Dat Alticom zowel telecomklanten als datacenterklanten bedient en dat het communicatietorens exploiteert, betekent dat het bedrijf een vrij unieke positie inneemt. “Ons doel is om telecom en ICT samen te brengen. De torens zijn eigenlijk een soort overslag van bekabeld naar draadloos”, zegt Boerema. Het zijn twee werelden die op technisch gebied steeds dichter naar elkaar toe schuiven. “Ook telecom en omroepen verhuizen langzaam naar de standaard 19-inch-racks, bijvoorbeeld. Voor onze telecomklanten hebben we daarom ook datacenterachtige ruimtes. Maar onze echte datacenterklanten lopen technisch nog voor. Daar zie je bijvoorbeeld high-density floors, en je vindt er veel meer specialisaties. Telecom staat daarentegen wel weer aan de wieg van edge computing en dataverwerking in de regio.”
Dataexplosie
Dat is nodig, want zoals Boerema opmerkt zal de databehoefte enorm toenemen door de enorme stappen die worden gezet in draadloze netwerken en toepassingen als Internet of Things. “5G is de belofte van de toekomst. Je krijgt enorme datastromen, en de verwachting is dat er meer behoefte is bij operators om data op te slaan en te distribueren om te voorkomen dat de backbone dichtslibt.” De torens van Alticom zitten al een decennium op glasvezel en het bedrijf heeft dus de mogelijkheden om een koppelvlak te creëren. “We zijn druk bezig om deze koppelvlakken te verbreden naar respectievelijk 40Gb en 100Gb. Ook investeren we mee in een portal om breedband op een slimmere manier beschikbaar kan krijgen. Zo worden we aantrekkelijk als edge computing center.”
De meest recente toren waar Alticom een datacenter heeft neergezet is die van Lelystad, het tweeëntwintigste datacenter. “Daar hebben we bijvoorbeeld ook een straalzenderpropositie om organisaties te voorzien van breedband. Dat zou zonder de combinatie datacenter en communicatietorens niet mogelijk zijn.” Hij wijst er ook op dat geen enkele gemeente erop zit te wachten dat verschillende operators, zonder overkoepelend plan, de straten openbreken om hun eigen kabels te installeren. Met draadloze verbindingen zou dat niet nodig zijn.

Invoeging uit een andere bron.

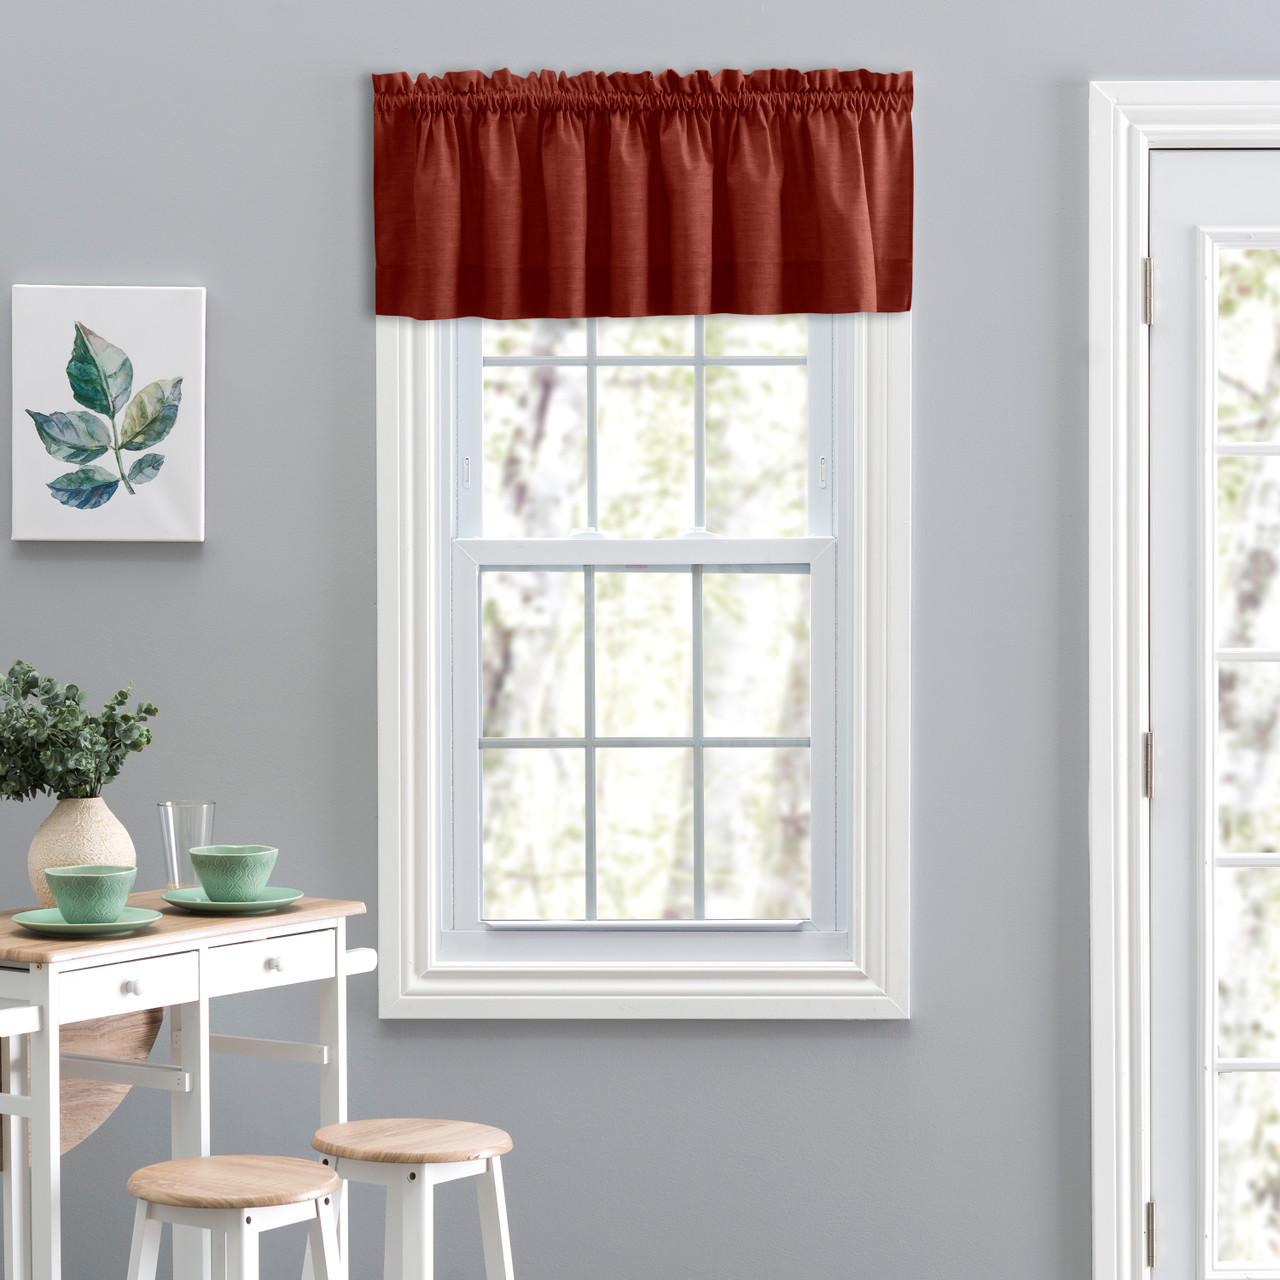 What Is a Tailored Valance Curtain?

‘De torens van Alticom zijn een soort overslag van bekabeld naar draadloos’
Toch ziet Boerema Alticom niet als een cutting-edge datacenterleverancier die daarmee ook veel risico’s neemt. “Onze DC-propositie maakt gebruik van technieken die elders al gebruikt worden”, zegt hij. “Zoiets als 5G komt in diverse steden in Amerika al dit jaar beschikbaar. Nederland is echter in Europa interessant. Het is een kleine markt met veel klanten dicht bij elkaar, en we zijn een groot internetland.”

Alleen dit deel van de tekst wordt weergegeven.